Приведённый ознакомительный фрагмент книги Прачка предоставлен нашим книжным партнёром — компанией ЛитРес.

Купить и скачать полную версию книги в форматах FB2, ePub, MOBI, TXT, HTML, RTF и других

11
13

12

— Эх, бабуля…! Если б ты видела, как я фурор за фурором произвожу. Сгорел твой артист, вместе с деревянным театром! Зритель меня суровый окружает, душою не трепетный, и дом мой не дом, а камера, правда тёплая, на это не жалуюсь. — Шуйский забросил последнюю, третью кучу белья заказчицы Семёновны, и предался анализу воспоминаний — достижению чрезвычайных успехов годовой давности в личной жизни и на сцене.

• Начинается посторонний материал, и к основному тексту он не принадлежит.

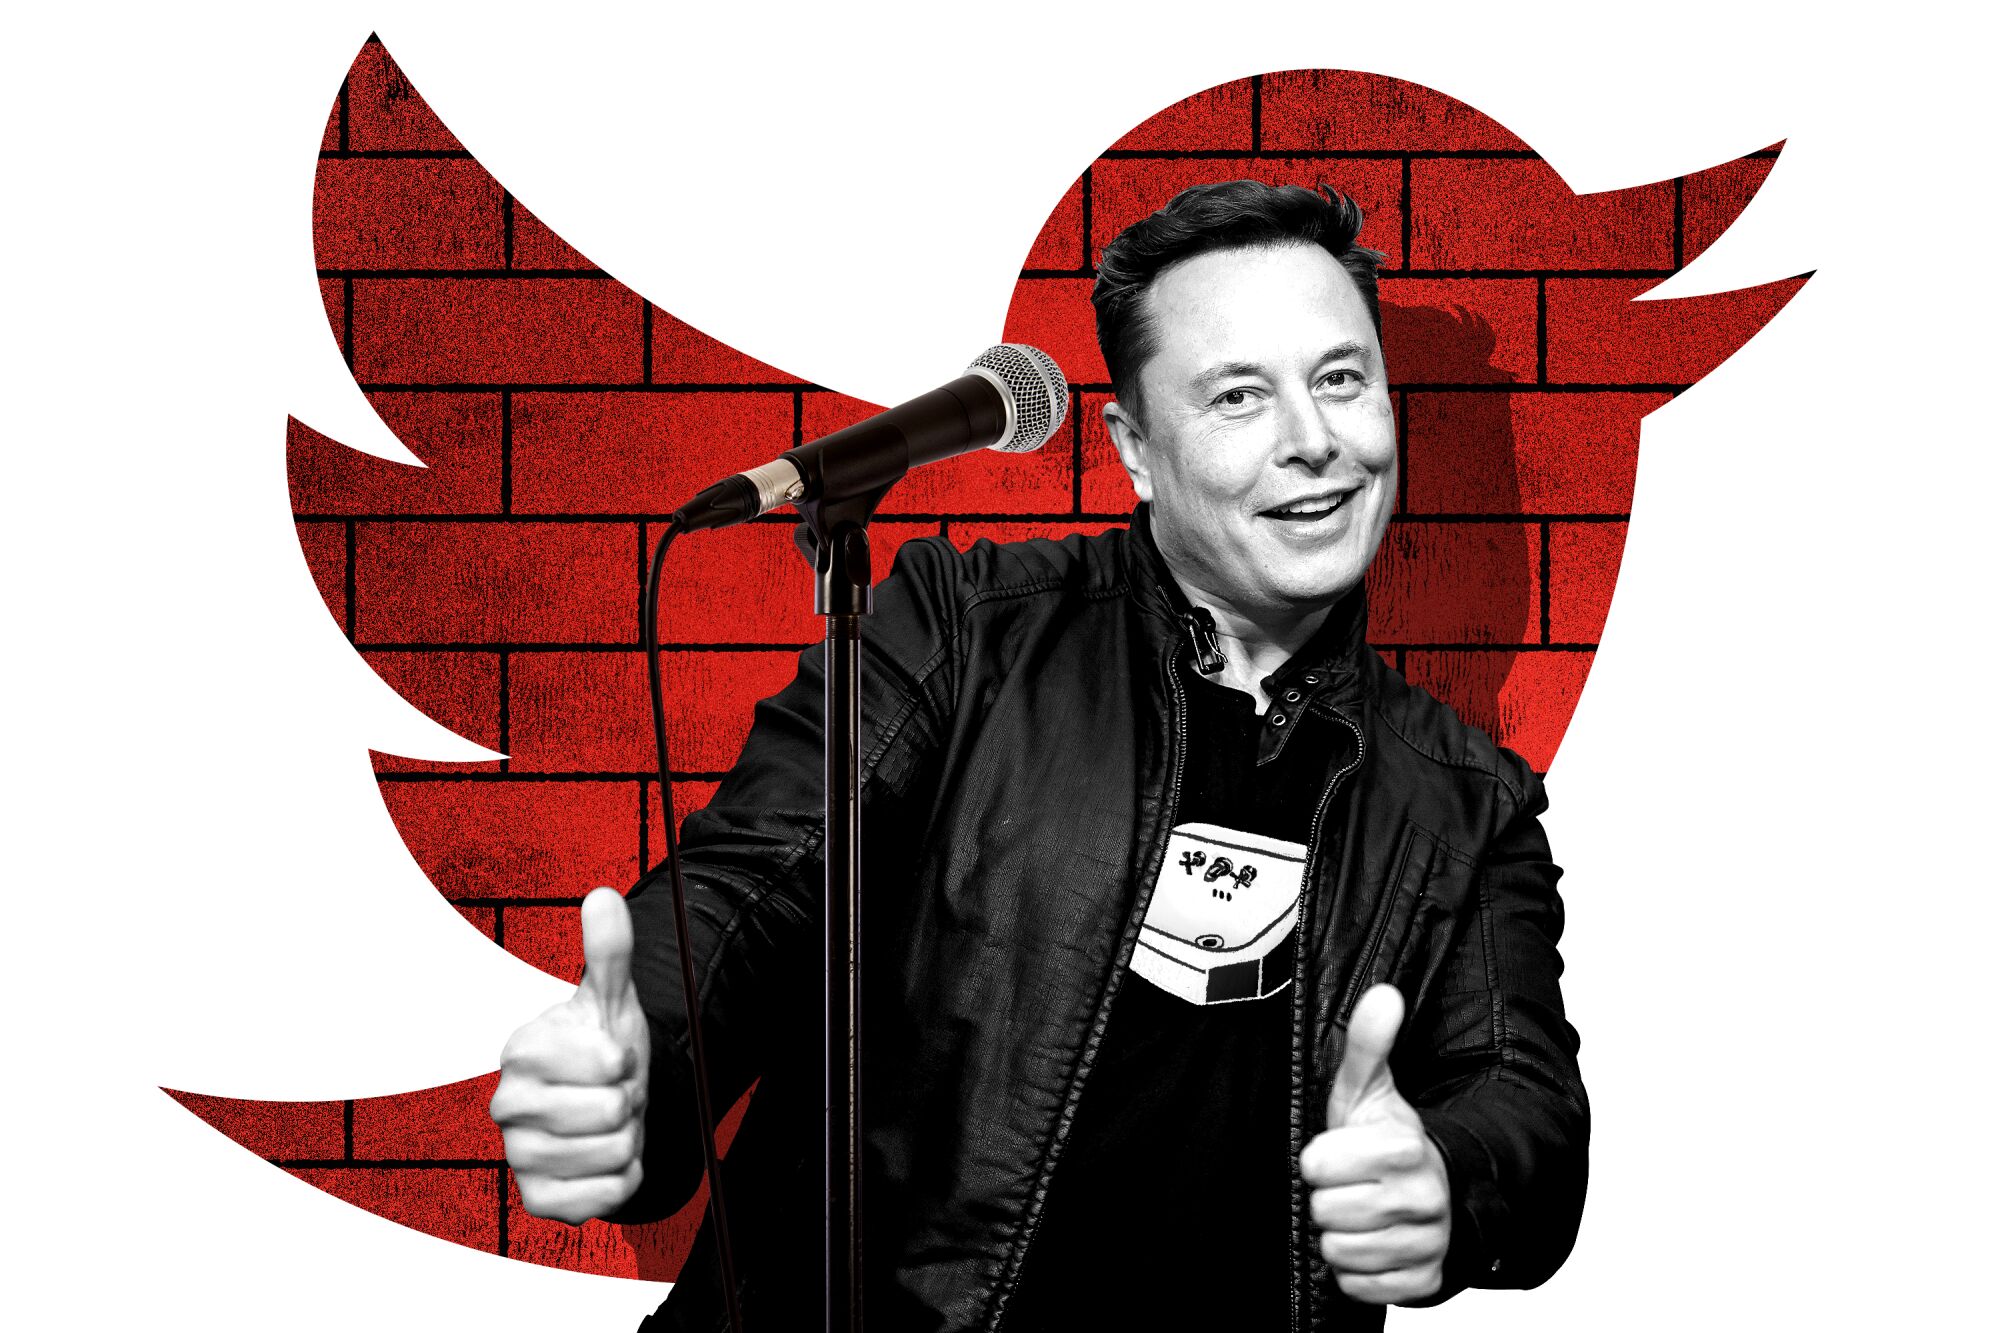 Photo illustration of Elon Musk doing stand-up comedy in front of a brick wall and twitter logo spotlight
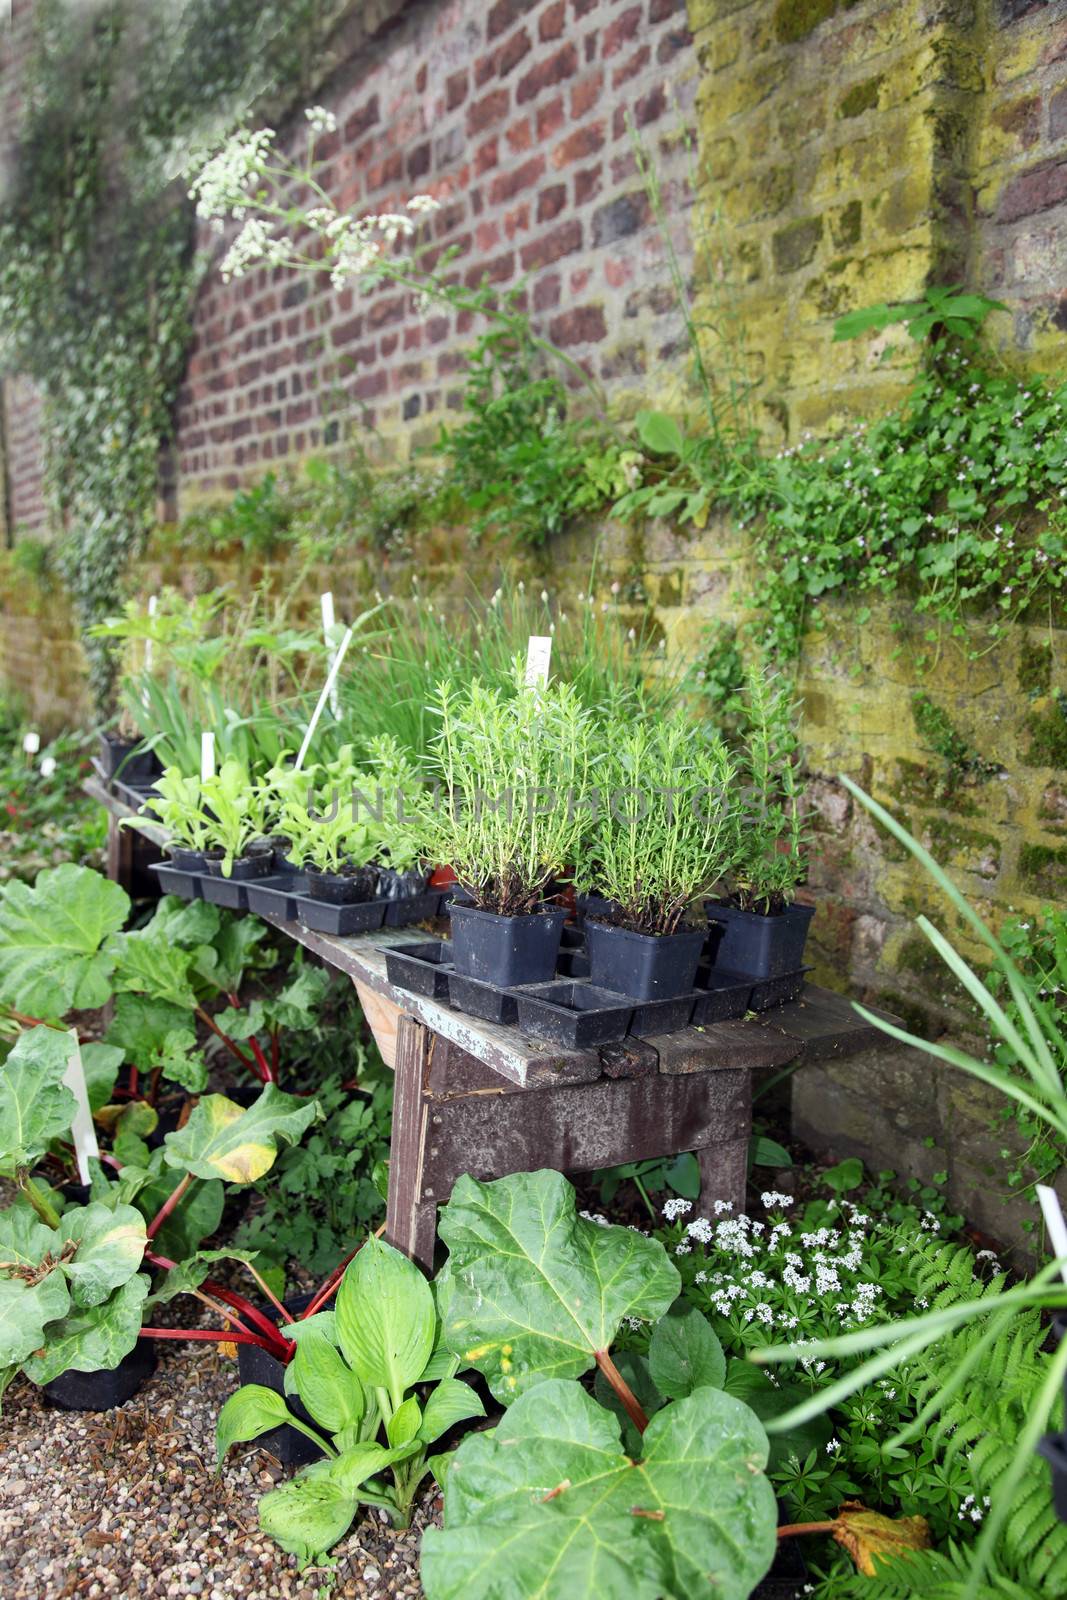 Potted plants growing on a trestle table alongside an old brick garden wall conceptual of gardening as a hobby

В начале января прошедшего года художественный руководитель театра при доме культуры, он же сценарист-постановщик, неутомимый Казбек Кердышвили, поставил впервые в своей творческой жизни спектакль собственного сочинения. С наступлением хрущёвской оттепели после строгого сталинского режима, во всех направлениях культуры и искусства, актёрская богема могла теперь развернуться, не столь широко конечно, и всё же!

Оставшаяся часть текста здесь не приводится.